I often wonder what kind of a sucker would want to buy a portable sauna
that looks like nothing more than an oversized plastic bag in which the
user is supposed to make steam by boiling water on a stove. Nothing
would have tempted me to have myself tugged into that contraption like
those pretty-face models in the ad.
Indeed, the whole dieting craze spun out of control in the 1990s when
food prices dropped to rock bottom levels. It looked like a
counter-culture in the age of plenty when people in developed and
developing countries indulged in all forms of excesses.
Hong Kong at that time enjoyed the dubious reputation of being a giant
casino where rampant speculation by people in all walks of life pushed
asset prices to improbable levels.
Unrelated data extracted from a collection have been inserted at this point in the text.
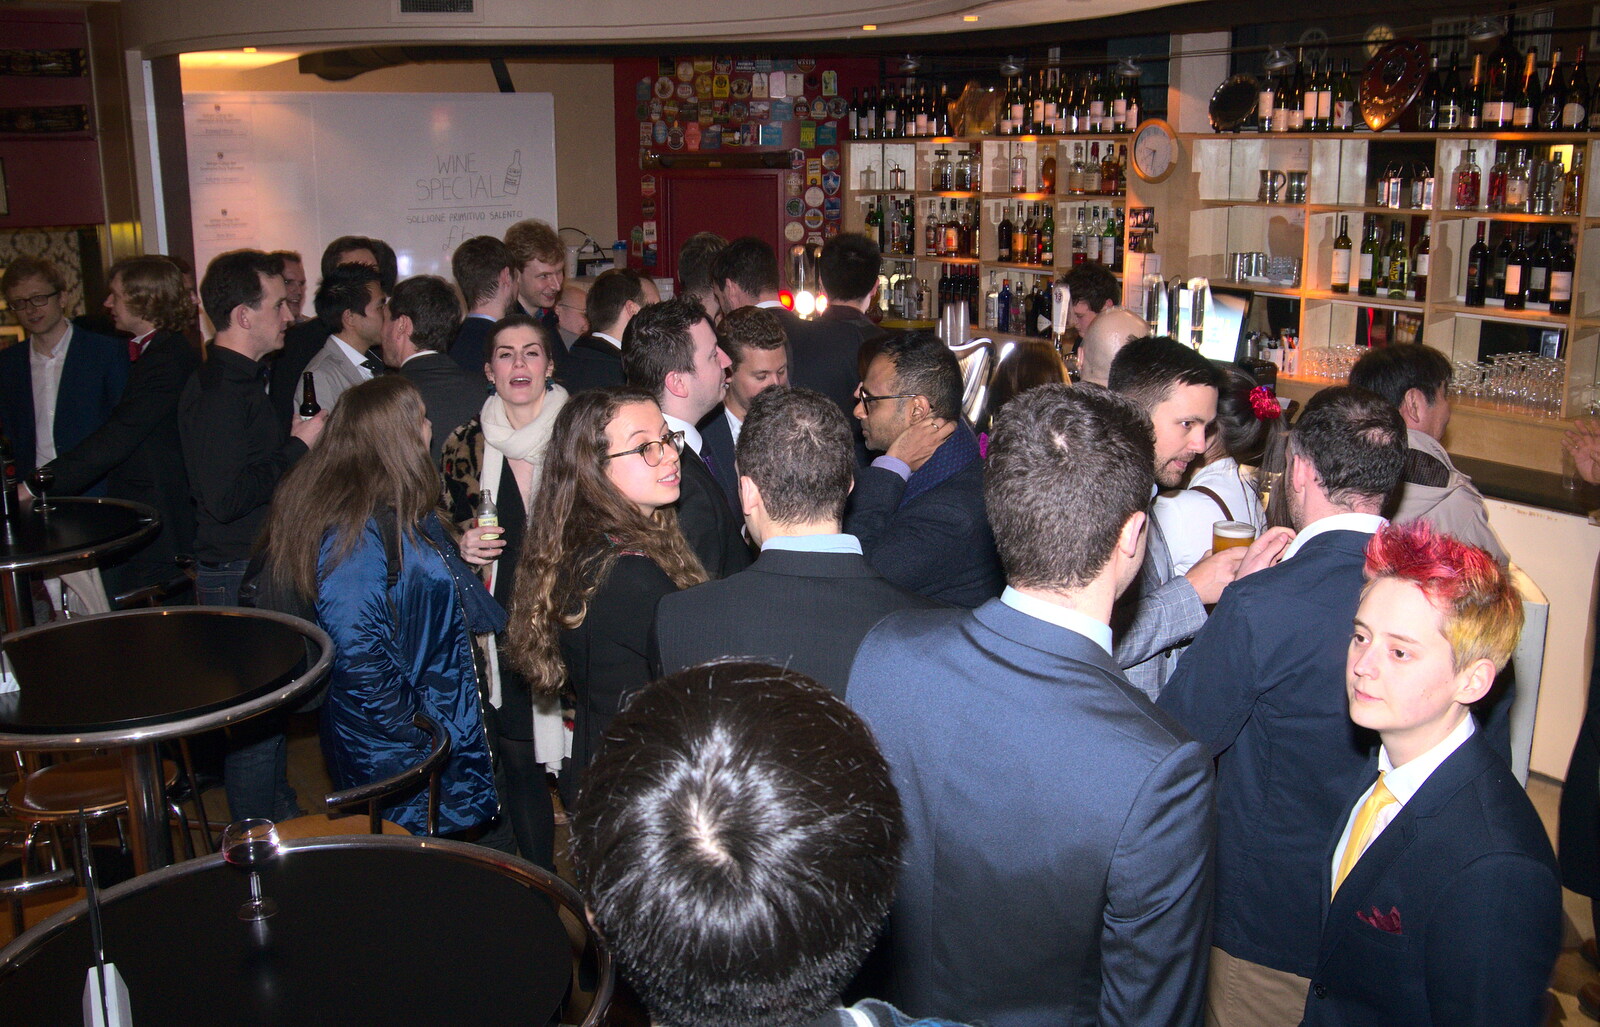 The reunion moves into the Students' Union bar from SwiftKey's Ten Year Anniversary Reunion, Selwyn College, Cambridge - 11th January 2019
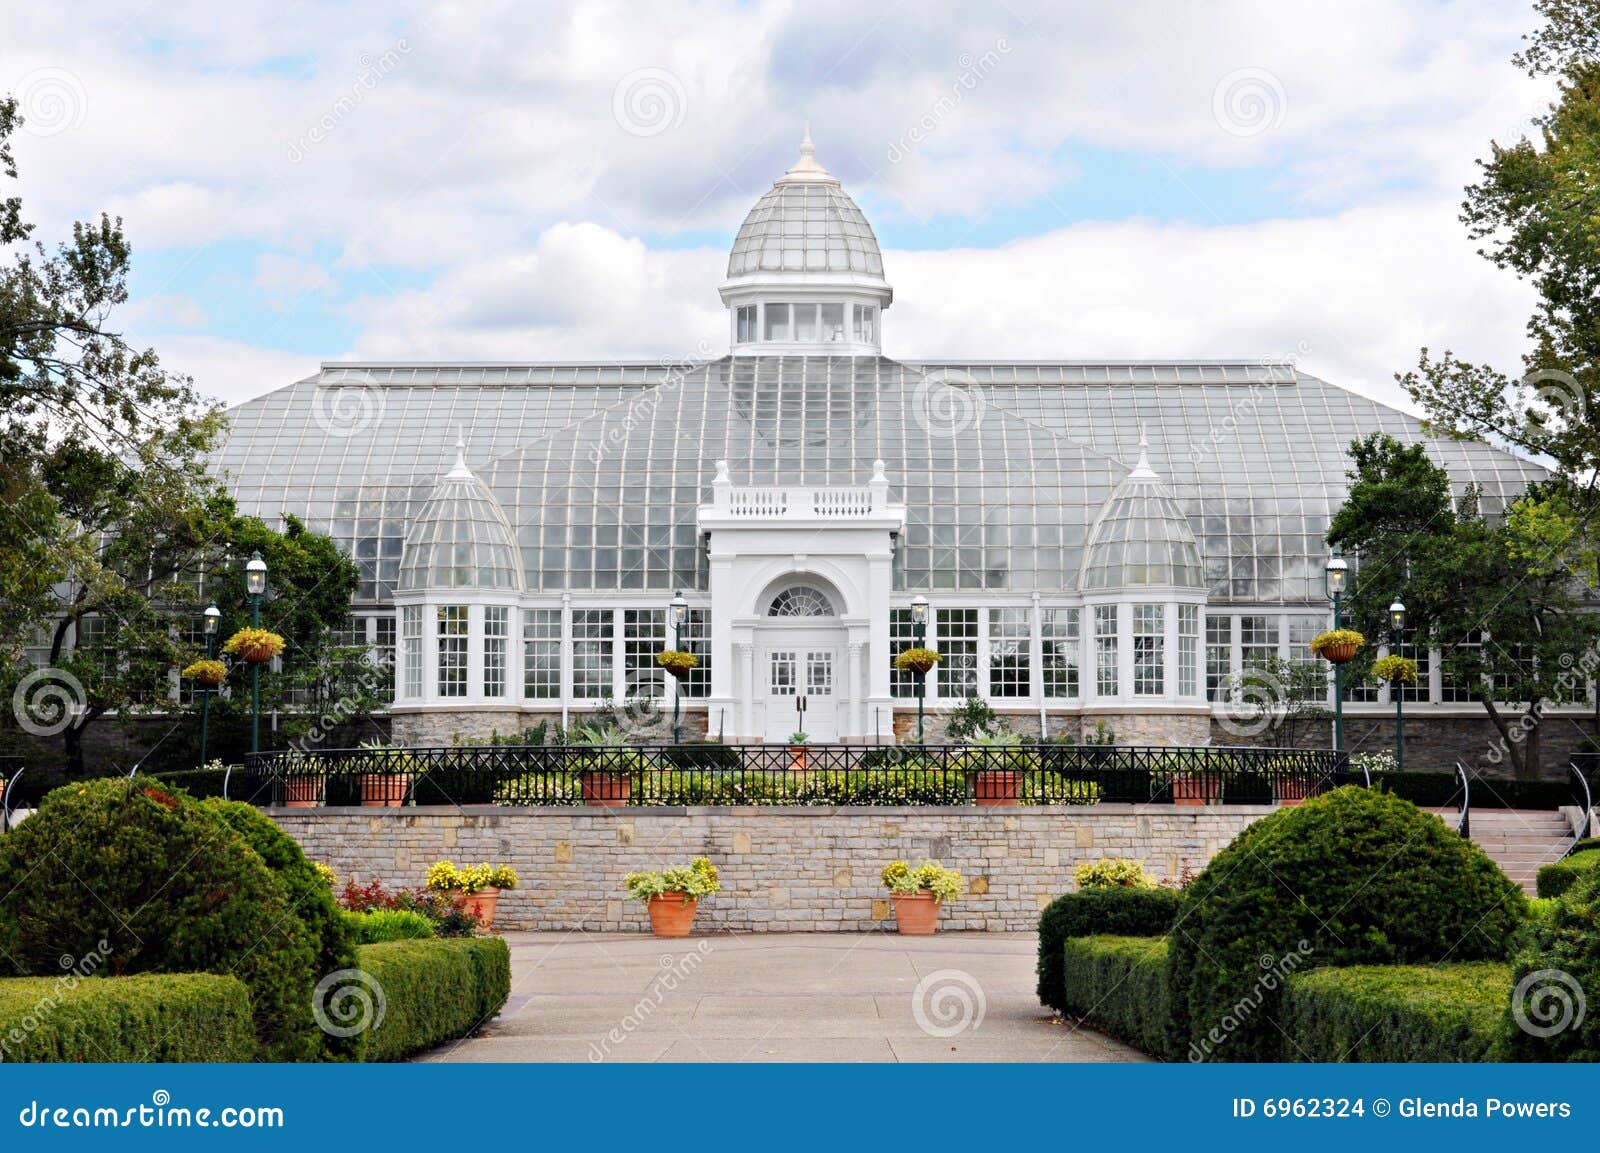 Glass Mansion Conservatory Stock Photo Image Of Outdoors 6962324
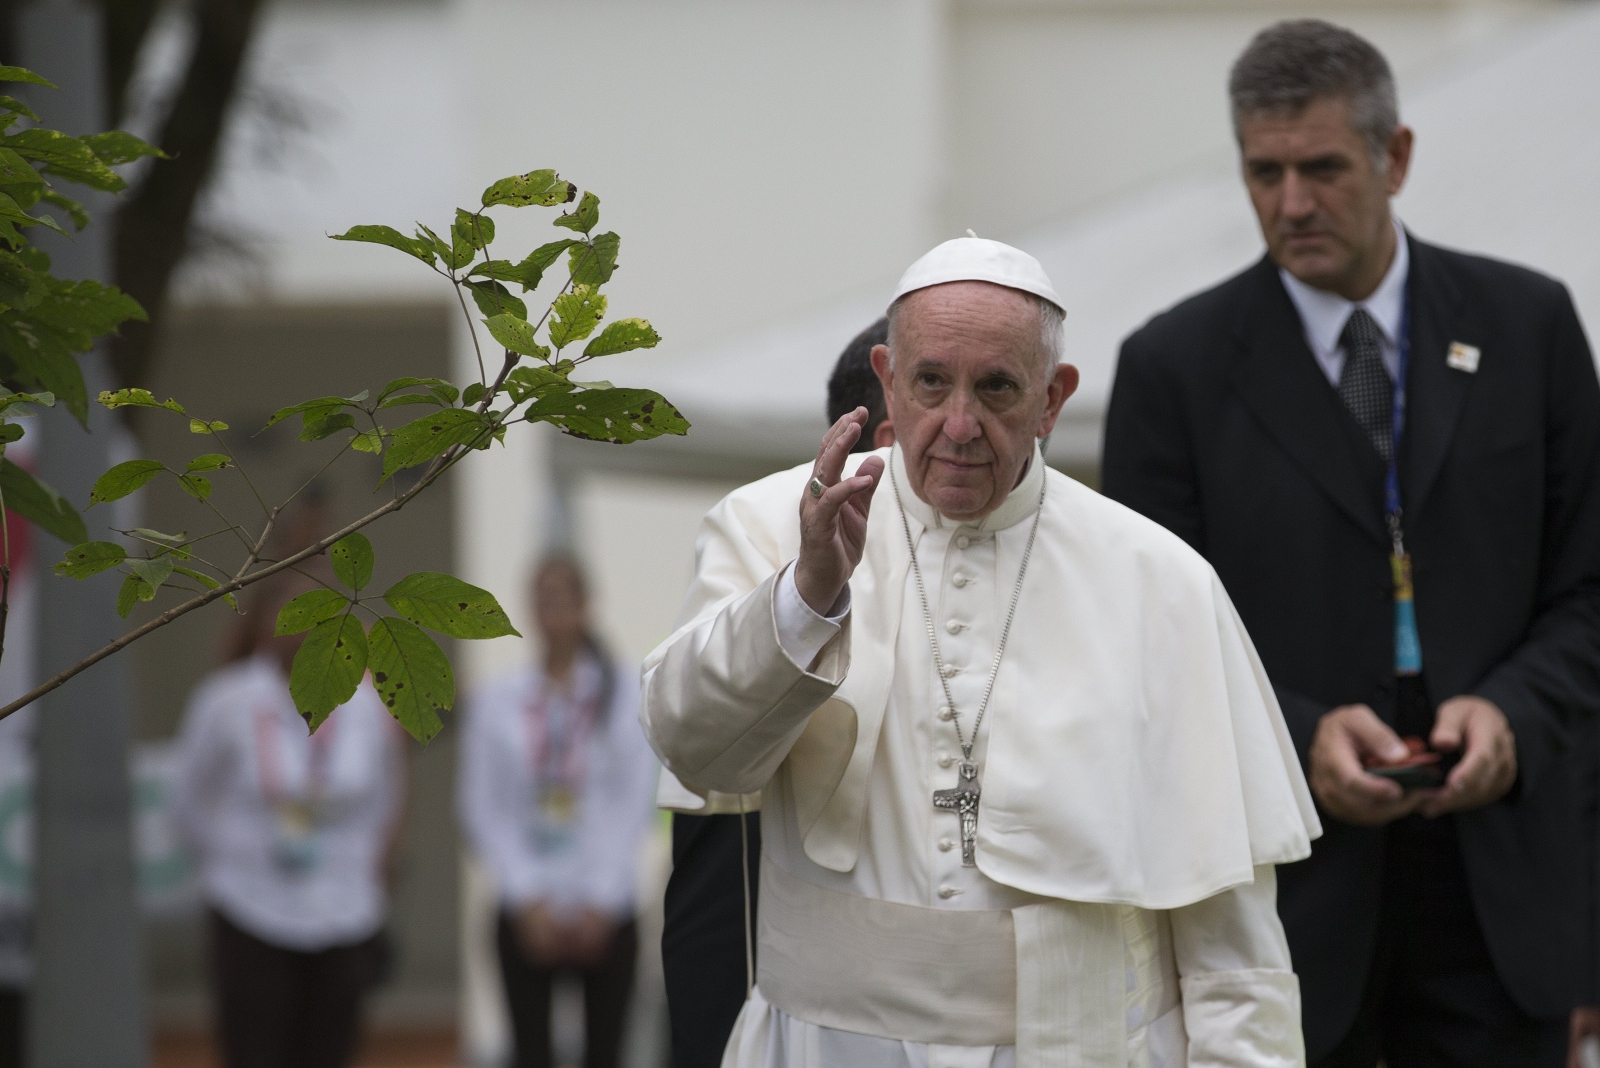 epa06193239 Pope Francis bless a tree during an event to promote the reconciliation at Los Fundadores park in Villavicencio, Meta, Colombia, 08 September 2017. The Pontiff is in Colombia on a five-day official visit.  EPA/Orlando Barria 
Dostawca: PAP/EPA.

Young professionals in the 20s drove
expensive German cars and frequented posh hostess clubs where an evening
of karaoke could easily set you back $2,000.
A high-class restaurant in an office tower in the financial district was
nicknamed the "canteen" by the salary men and women in the many
stockbrokerage houses and investment banks in that district. Although
lunch at that eatery cost at least $50 per person, it was still
considered cheap by patrons who had become accustomed to making a fast
buck in the stock market.
In that environment of easy money and cheap foods, staying thin required
a high level of self- discipline. Thinness was initially a badge of
honor that distinguished the persons of intellect and culture from the
hoard of money grabbers who were willing to make a fast buck by camping
overnight outside developers' sales offices to be among the first in
line to buy apartments for quick resale. But I still can't understand
how being skinny eventually evolved into a prerequisite for beauty.
Those who have continued to be overly obsessed with their weight, please
take note of this: the price of rice in the international market has
more than doubled since the beginning of the year.